View Postlamford, on 2011-May-11, 10:43, said:

IMPs; Lead Q. 1NT was 12-14.

The above hand caused some ill-feeling at a local club last night. Dummy commented when putting his hand down, "A bit of a punt, pard", and declarer, spacing out the diamonds which were a bit untidy, asked "how many of those do you have, six?" Dummy responded, "Seven; I am not that mad." Declarer won with the ace and played for the drop in diamonds successfully, and then claimed his contract exactly. East, the club's equivalent of the Secretary Bird, indicated that dummy had breached law 42A1:

1. Dummy is entitled to give information, in the Director’s presence, as to fact or law. <snip> in that he had confirmed a fact but not in the director's presence.

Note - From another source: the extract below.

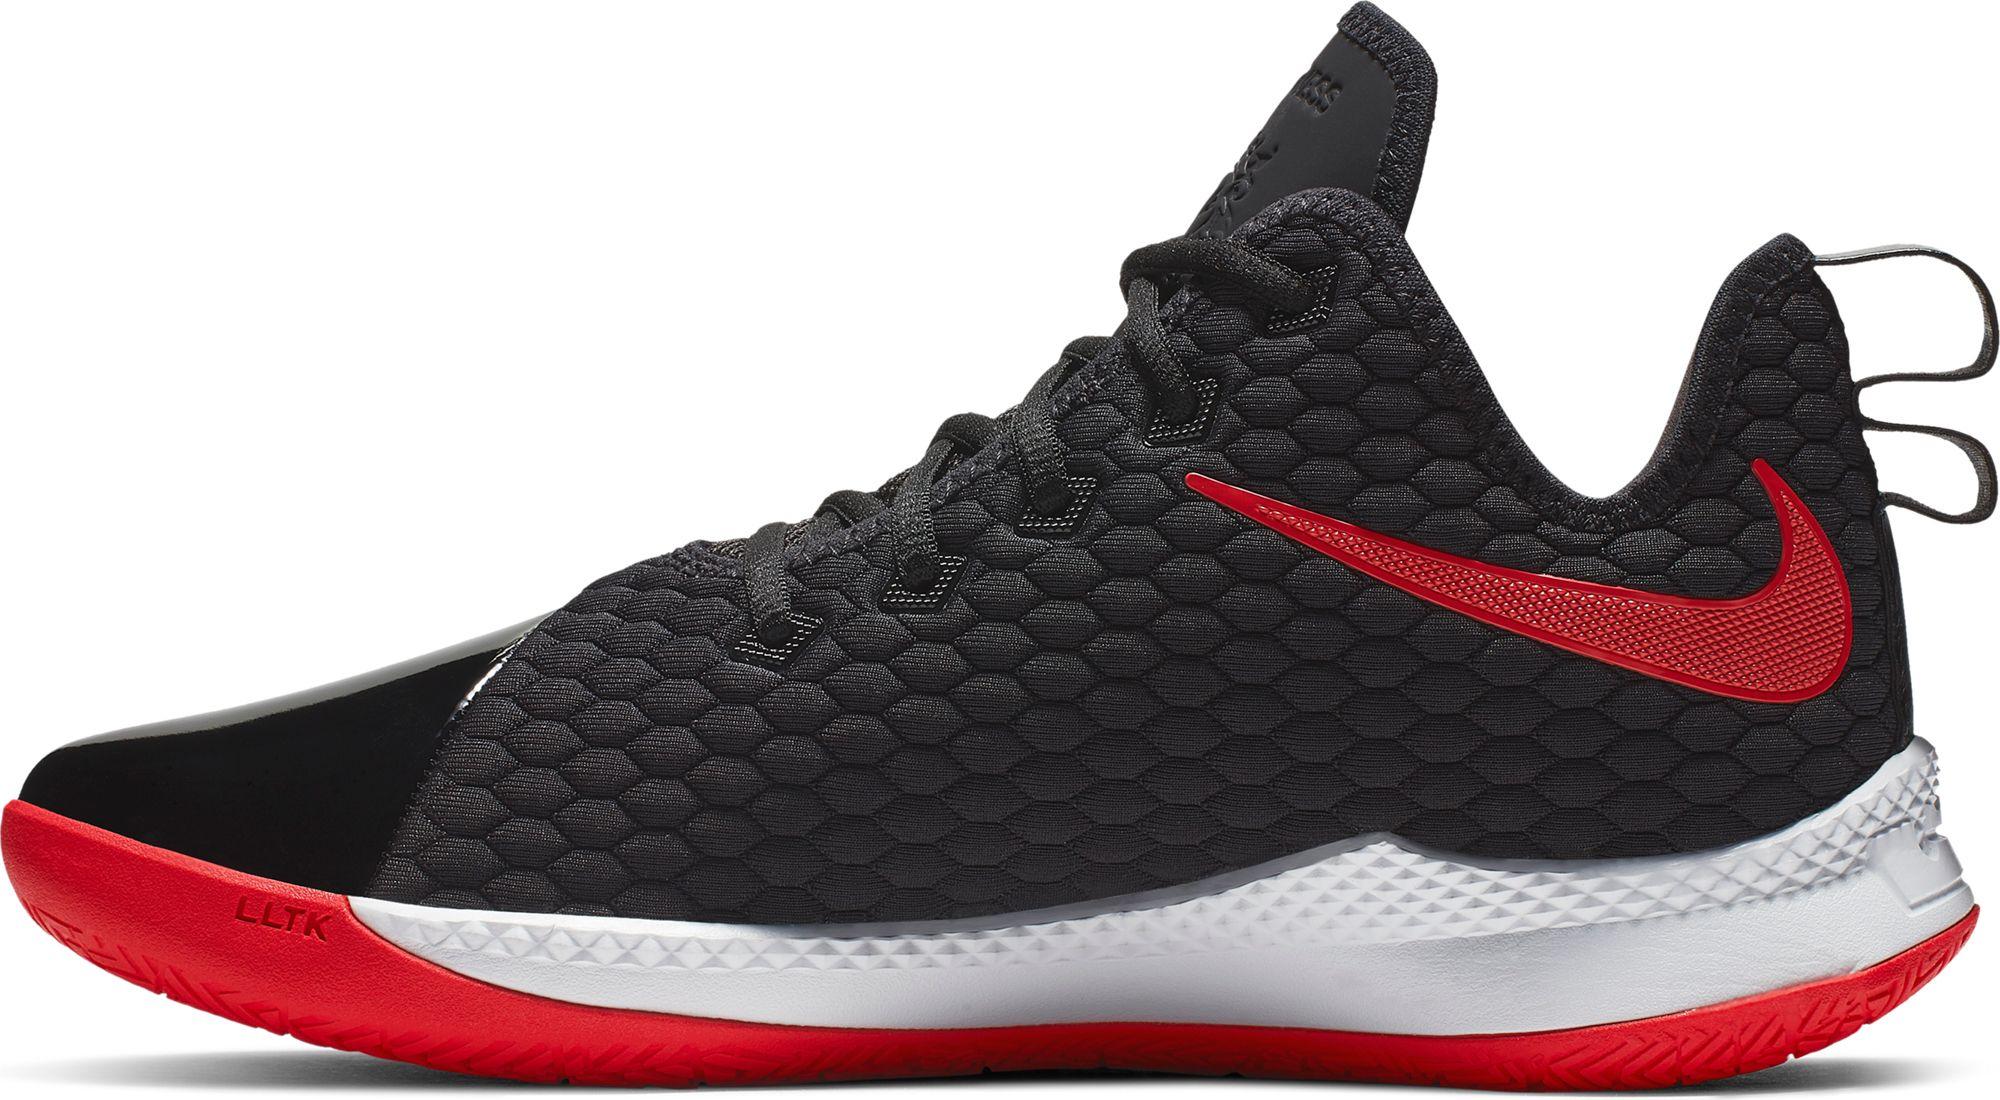 Nike Lebron Witness Iii Basketball Shoes in Black/Red (Black) for Men ...

Without that breach, declarer might have thought there were six diamonds in dummy and finessed unsuccessfully and gone one down. He then argued that although only a PP is prescribed under Law 90, under 12A1 the director could award an adjusted score. He also thought dummy had participated in the play with his remark and had breached 43A1c. East was able to quote these laws by heart, which irritated the director and declarer as well.

How would you rule?

I would say (to East or West as the case might be) something like: "Give me strength!" and let the table result stand.

Should the laws require Dummy to answer fairly polite questions like this from Declarer with rude answers like "look for yourself!"?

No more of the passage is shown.